[Given data — start]

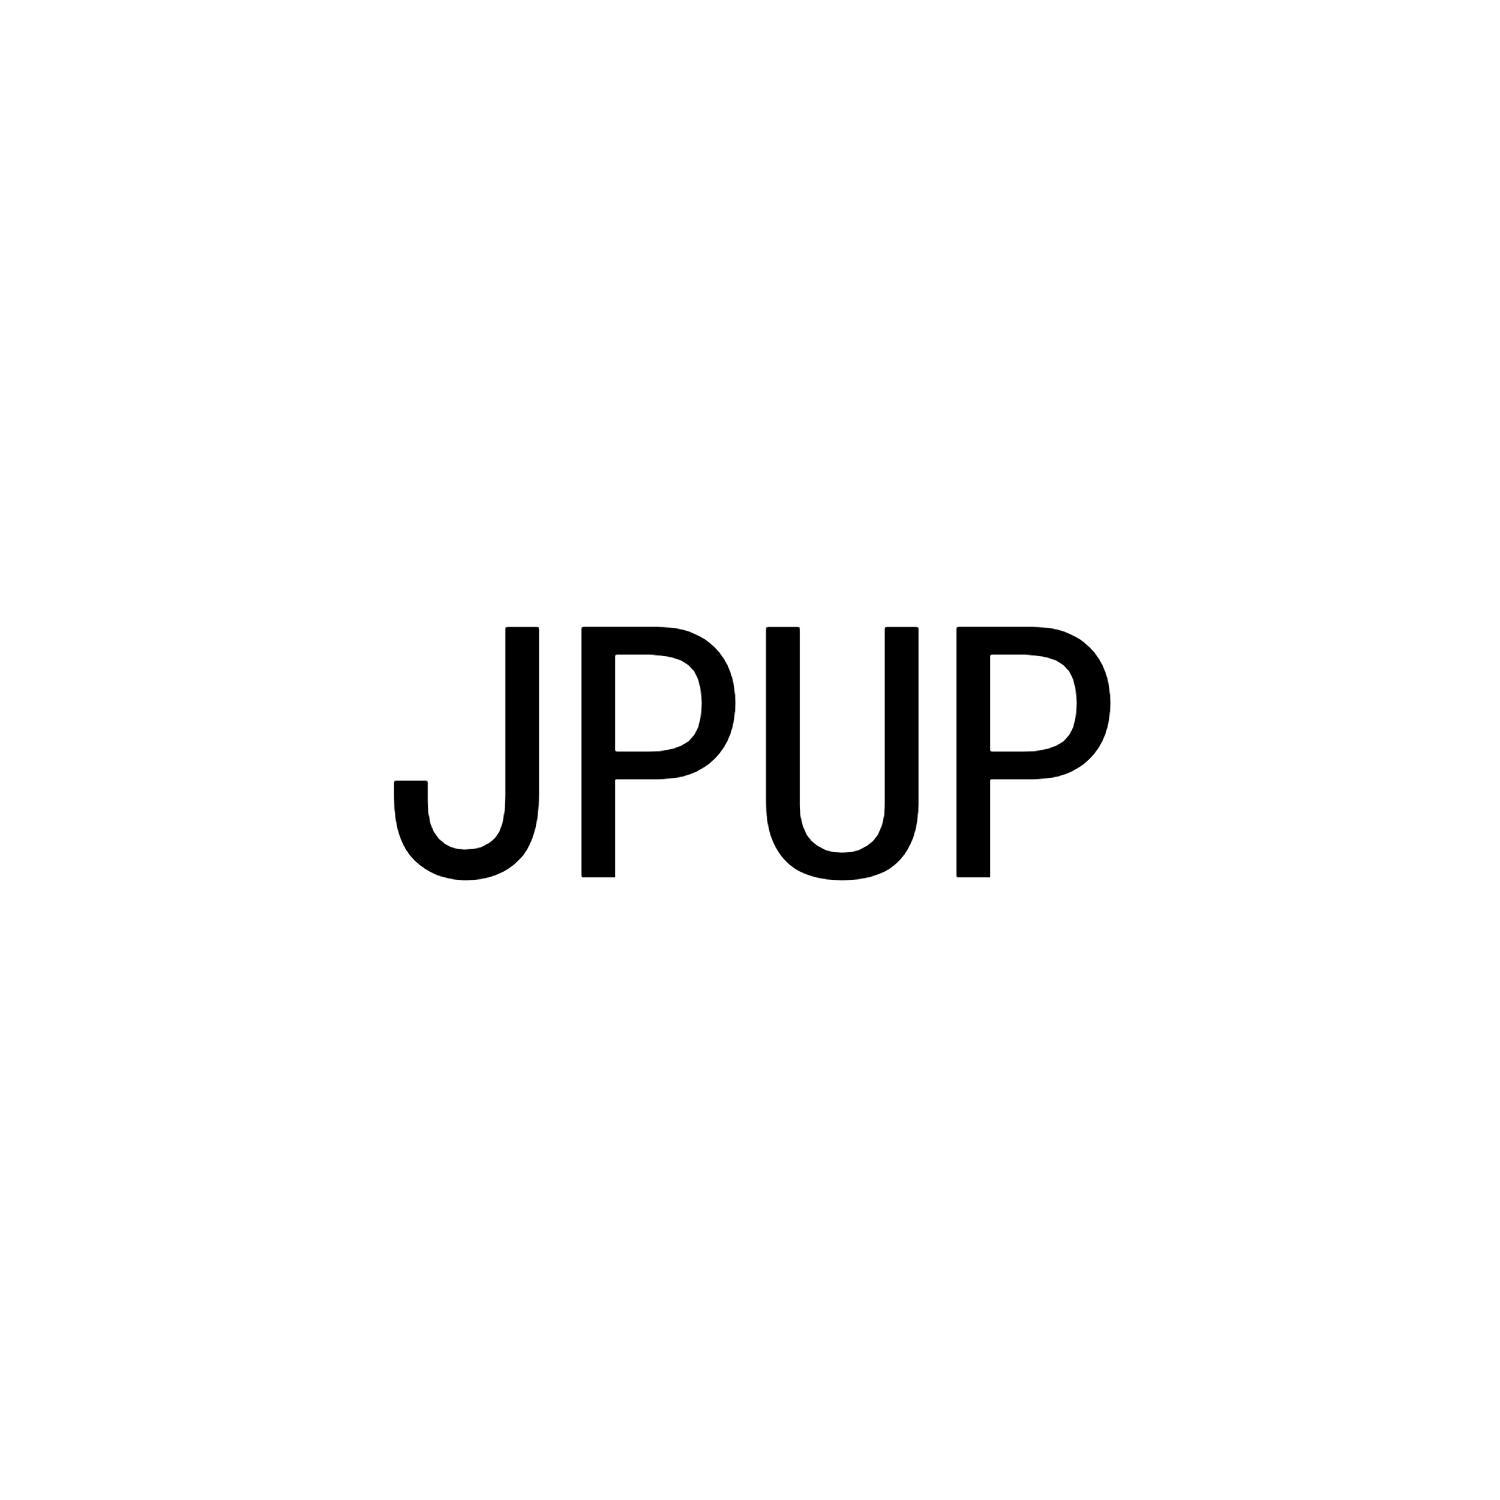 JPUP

[Given data — finish]
[Given data — start]

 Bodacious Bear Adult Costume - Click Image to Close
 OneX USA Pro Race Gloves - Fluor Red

[Given data — finish]

▶ [Try it] Using the entries shown above, reproduce verbatim the lines from the line bearing "Bodacious Bear Adult" to the line bearing "OneX USA Pro Race Gloves - Fluor Red", inclusive.

▶ [Task output]
 Bodacious Bear Adult Costume - Click Image to Close
 OneX USA Pro Race Gloves - Fluor Red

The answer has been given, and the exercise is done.